Force-dependent elasticity of nucleic acids

TL;DR

This paper introduces a new method to analyze how mechanical stress affects the elasticity of nucleic acids, revealing differences between DNA and RNA through atomistic simulations and minimalistic models.

Contribution

A novel approach to assess force-dependent elasticity of nucleic acids using fluctuation analysis, highlighting differences between dsDNA and dsRNA.

Findings

Force dependence of dsDNA elasticity differs from dsRNA

Structural features explain elasticity differences

Method applicable to atomistic simulations

Abstract

The functioning of double-stranded (ds) nucleic acids (NAs) in cellular processes is strongly mediated by their elastic response.
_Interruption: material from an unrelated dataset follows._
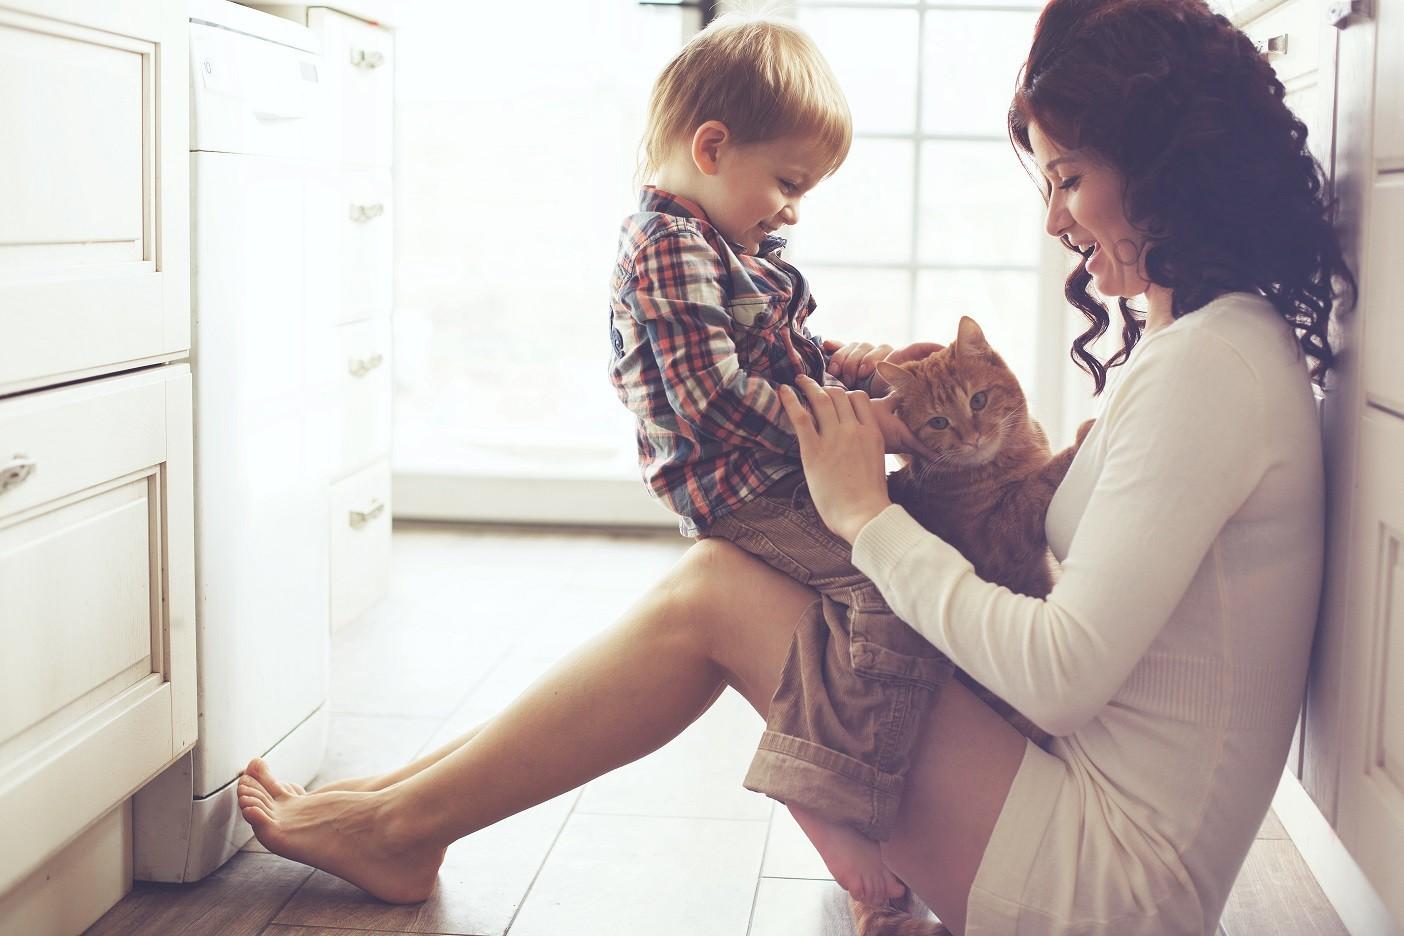 Єдина дитина в сім'ї: як уникнути помилок виховання
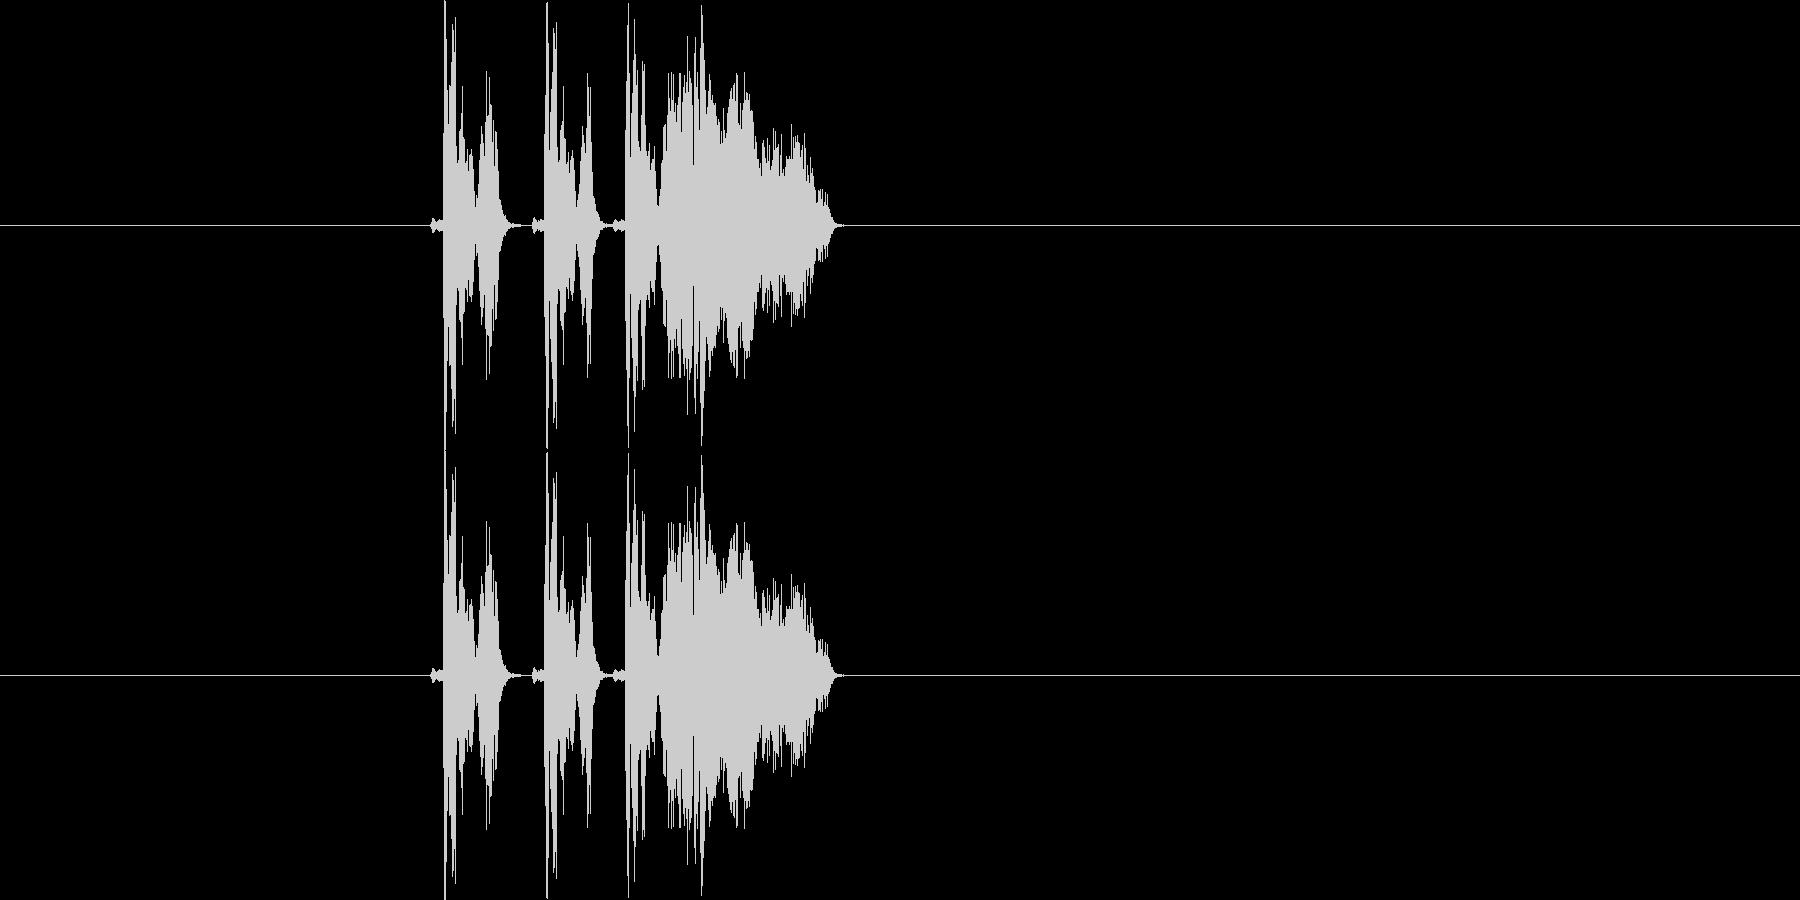 ピピューン(光線が飛んでくる効果音)の未再生の波形

These processes involve proteins that interact with dsDNA or dsRNA and distort their structures. The perturbation of the elasticity of NAs arising from these deformations is not properly considered by most theoretical frameworks. In this work, we introduce a novel method to assess the impact of mechanical stress on the elastic response of dsDNA and dsRNA through the analysis of the fluctuations of the double helix. Application of this approach to atomistic simulations reveals qualitative differences in the force dependence of the mechanical properties of dsDNA with respect to those of dsRNA, which we relate to structural features of these molecules by means of physically-sound minimalistic models.